= Susan Daigle-Leach =

Comics illustrator

Susan Daigle-Leach (born 1960), also known as Susan F. Daigle and Sue Daigle, is an American comic book and cover colorist, letterist, production manager, illustrator, and fine artist, known mostly for her work on Disney comics during the 1980s, 1990s, and 2000s with licensees Gladstone Publishing (1987-1998) and Gemstone Publishing (2003-2008), where she was the main colorist next to her husband Gary A. Leach and Scott Rockwell.

In 1983, Daigle-Leach graduated with a Bachelor of Fine Arts degree from Kutztown University of Pennsylvania, and in 1987 began working for Another Rainbow and Gladstone Publishing.
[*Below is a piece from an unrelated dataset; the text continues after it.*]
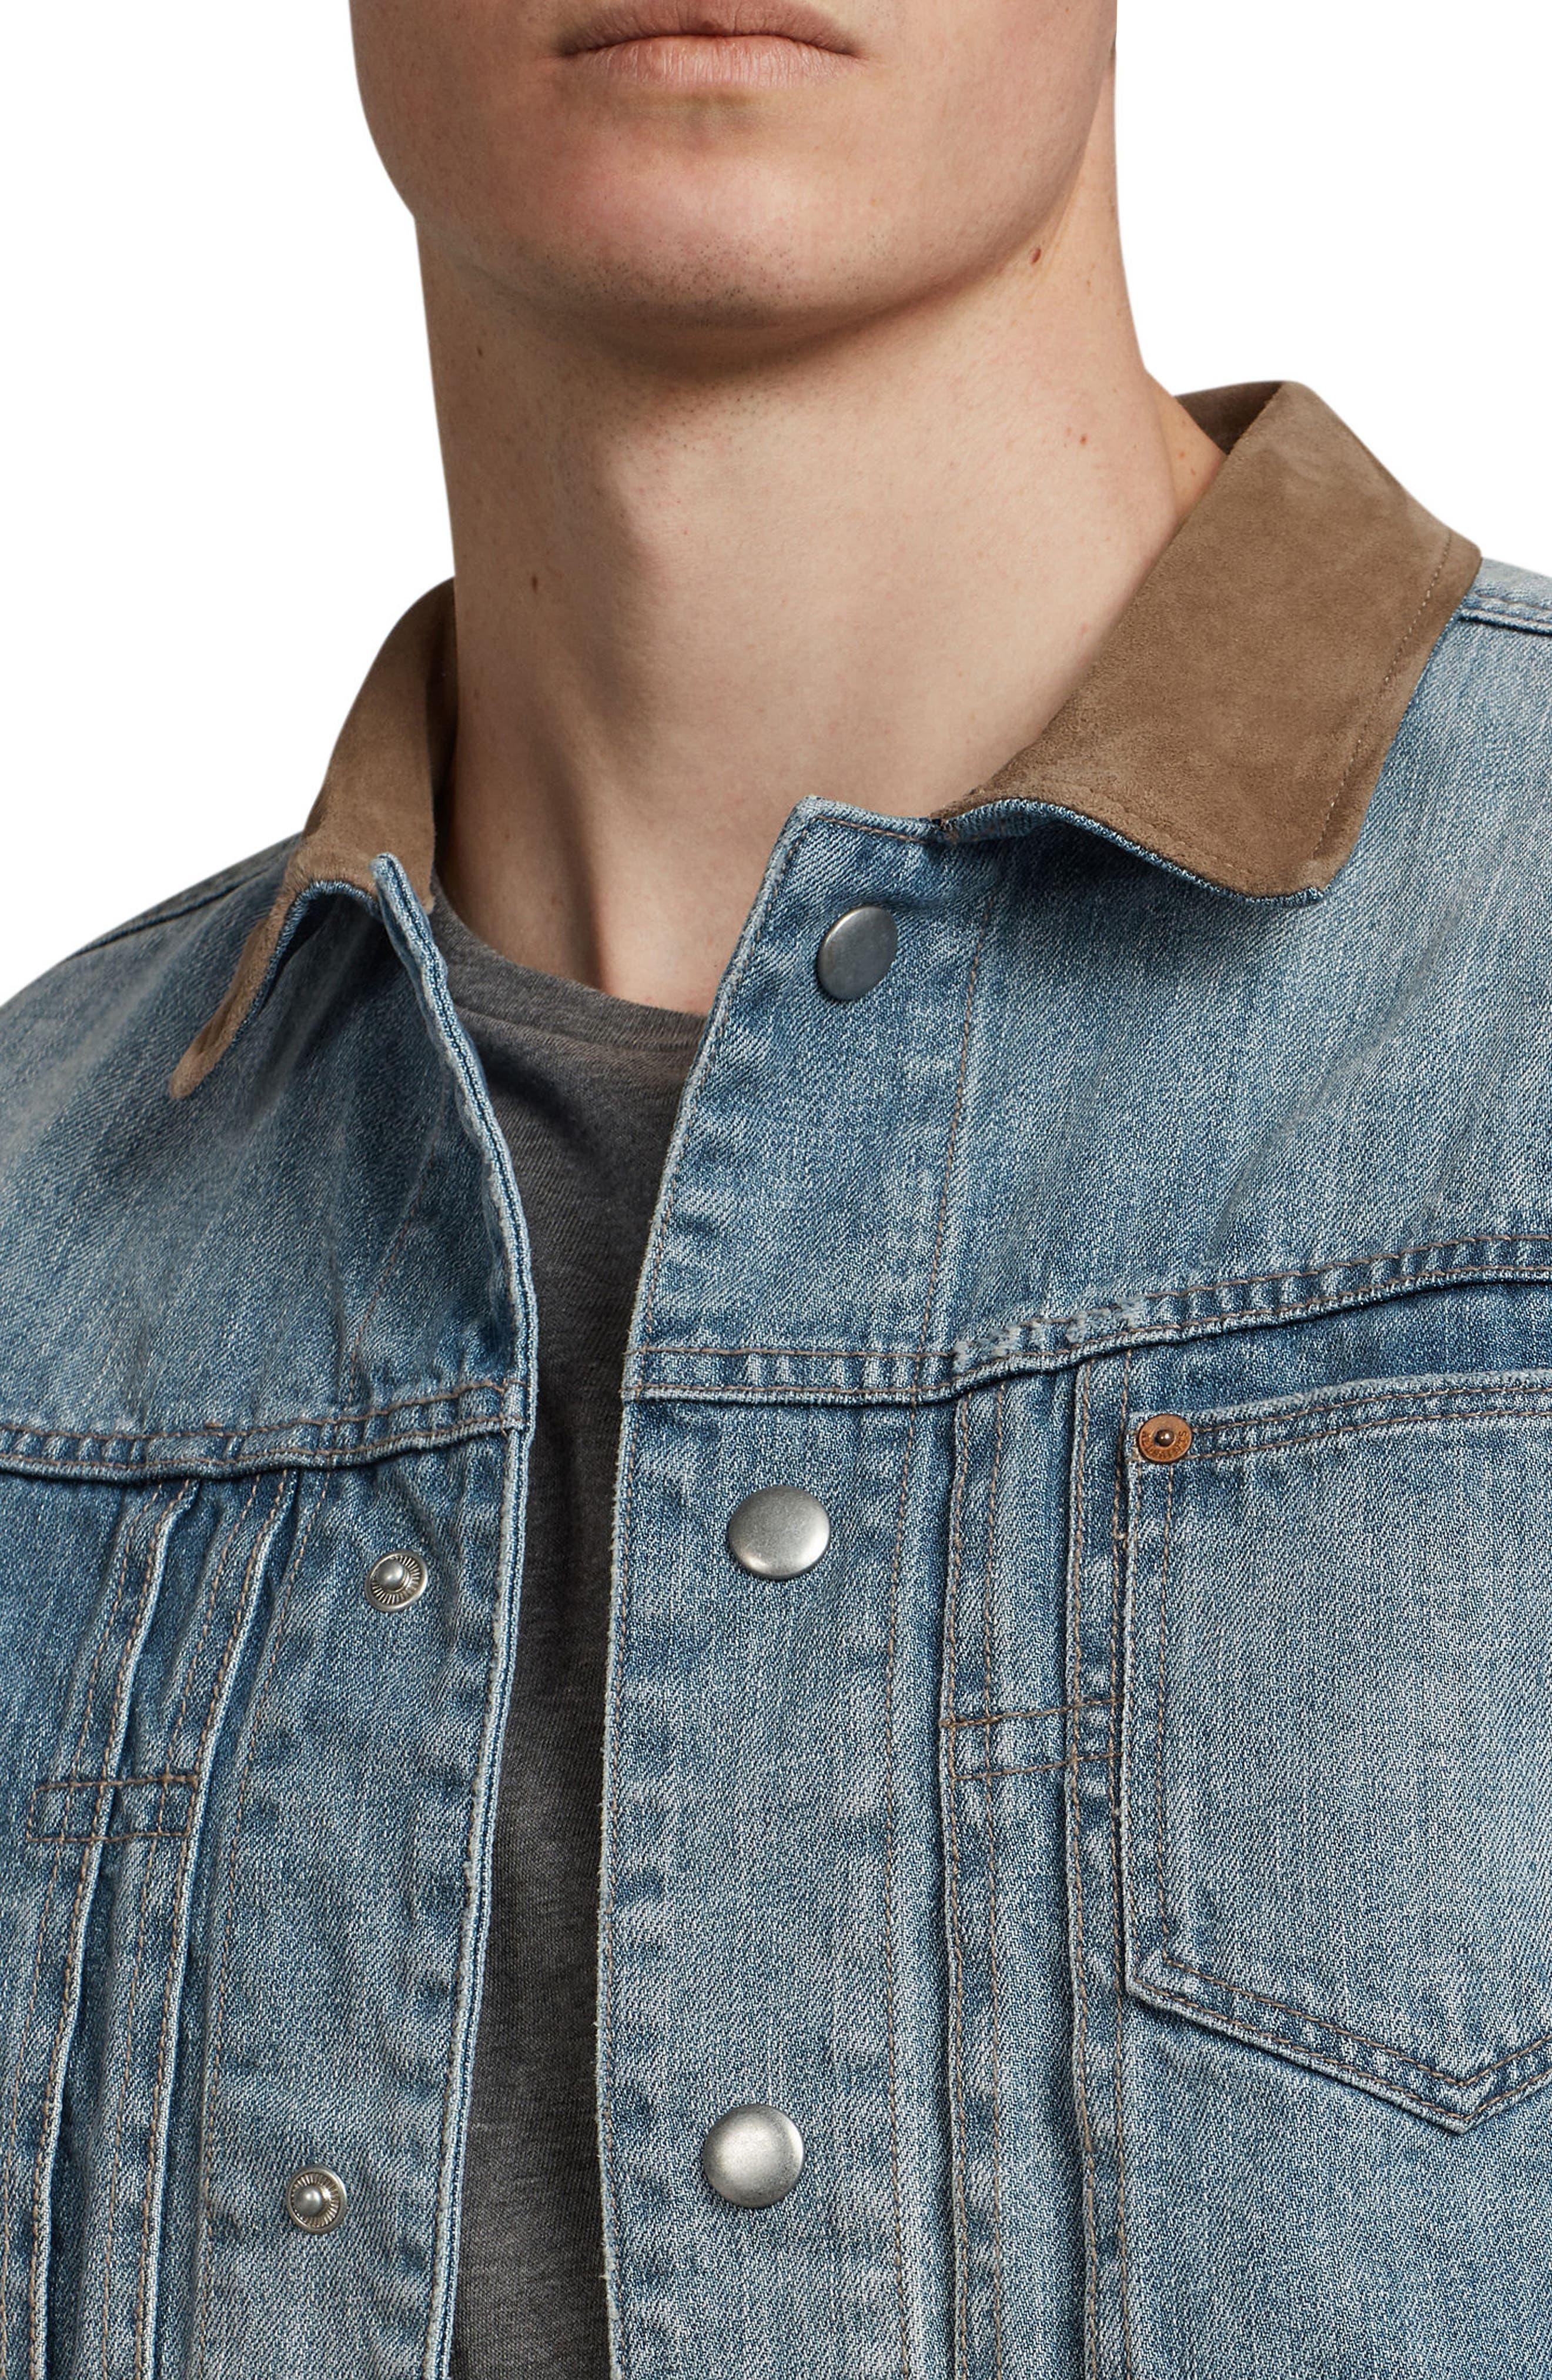 Ibanex Slim Fit Distressed Denim Jacket,                             Alternate thumbnail 4, color,                             460
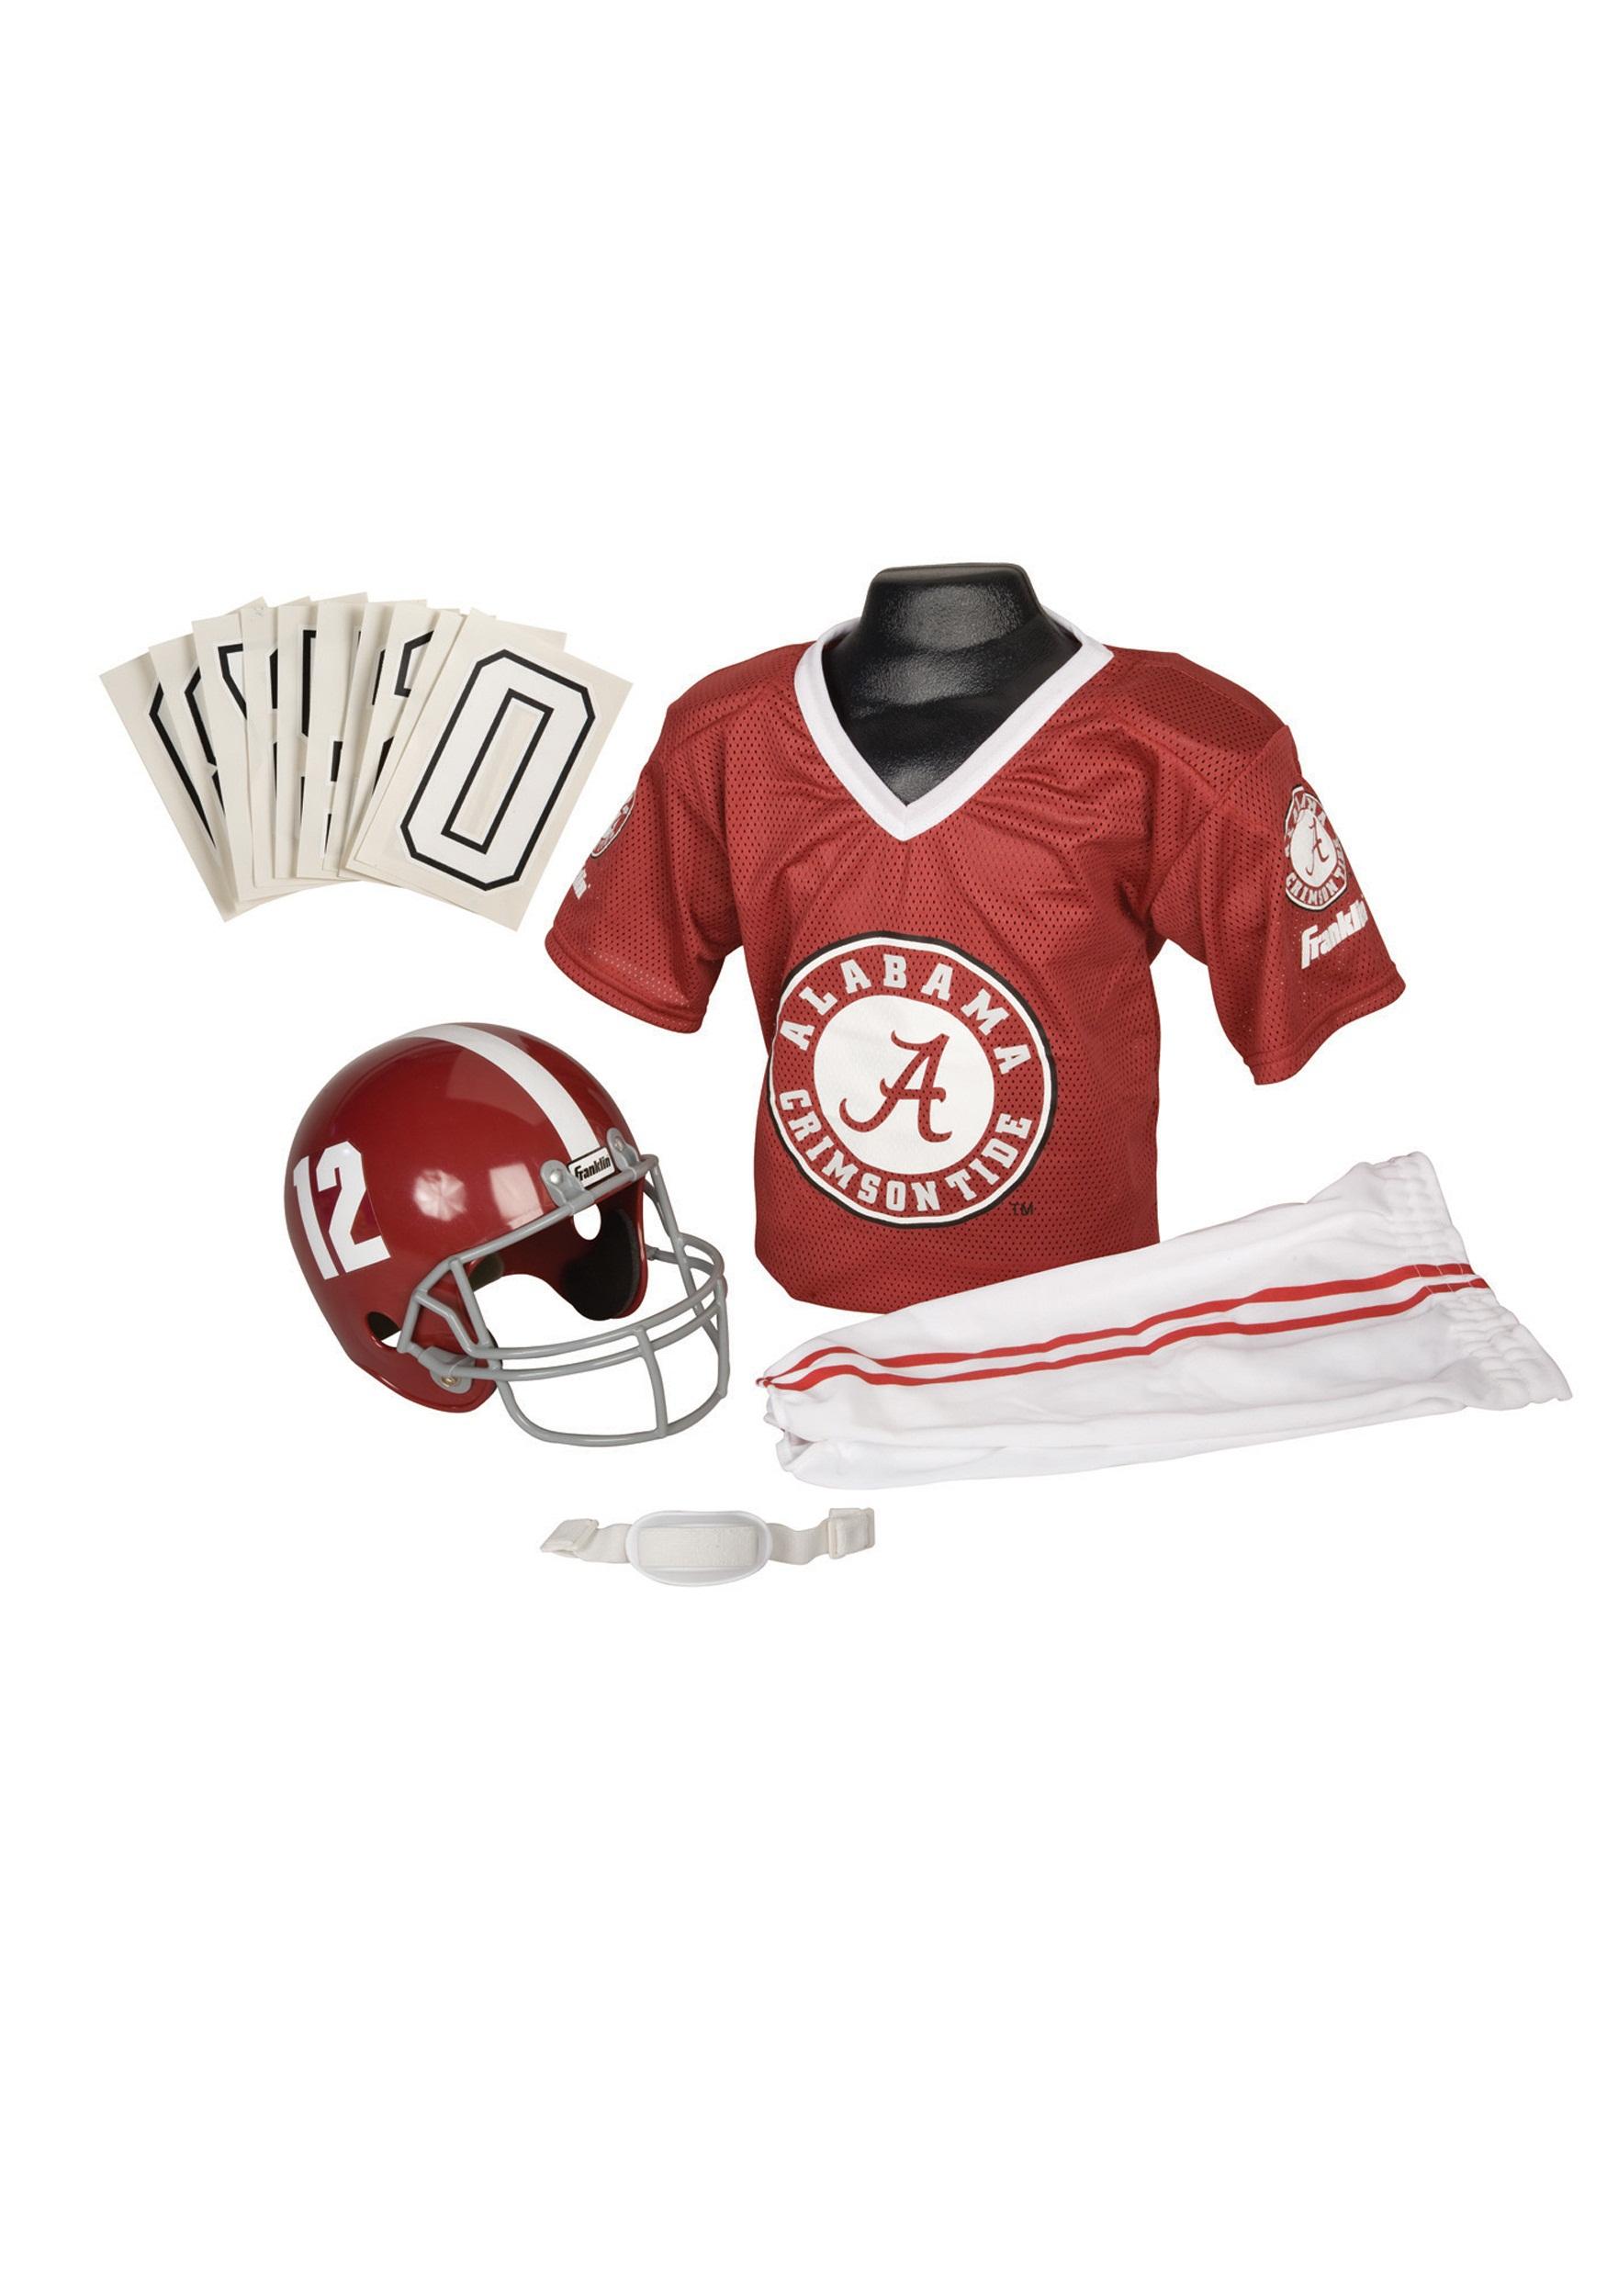 lowest price ee0ee 6c950 Alabama Crimson Tide Child Uniform Costume

While at Gladstone and Gemstone, Daigle-Leach colored 17,000 pages of the entire Disney comics by Carl Barks for the 141-volume Carl Barks Library in Color (1991-1996) alone (not to be confused with Another Rainbow's earlier, 30-volume Carl Barks Library published 1983–1990 in black and white), as well as the North-American editions of most of the Disney comics by Don Rosa. In 1995, Daigle-Leach was nominated for the prestigious Will Eisner Award - Best Colorist for her work at Gladstone. In 2007 and 2008 respectively, she was nominated for a Harvey Award in the same category for her work at Gemstone.

She is married to Gary Leach, who has also worked for Disney-licensed comics.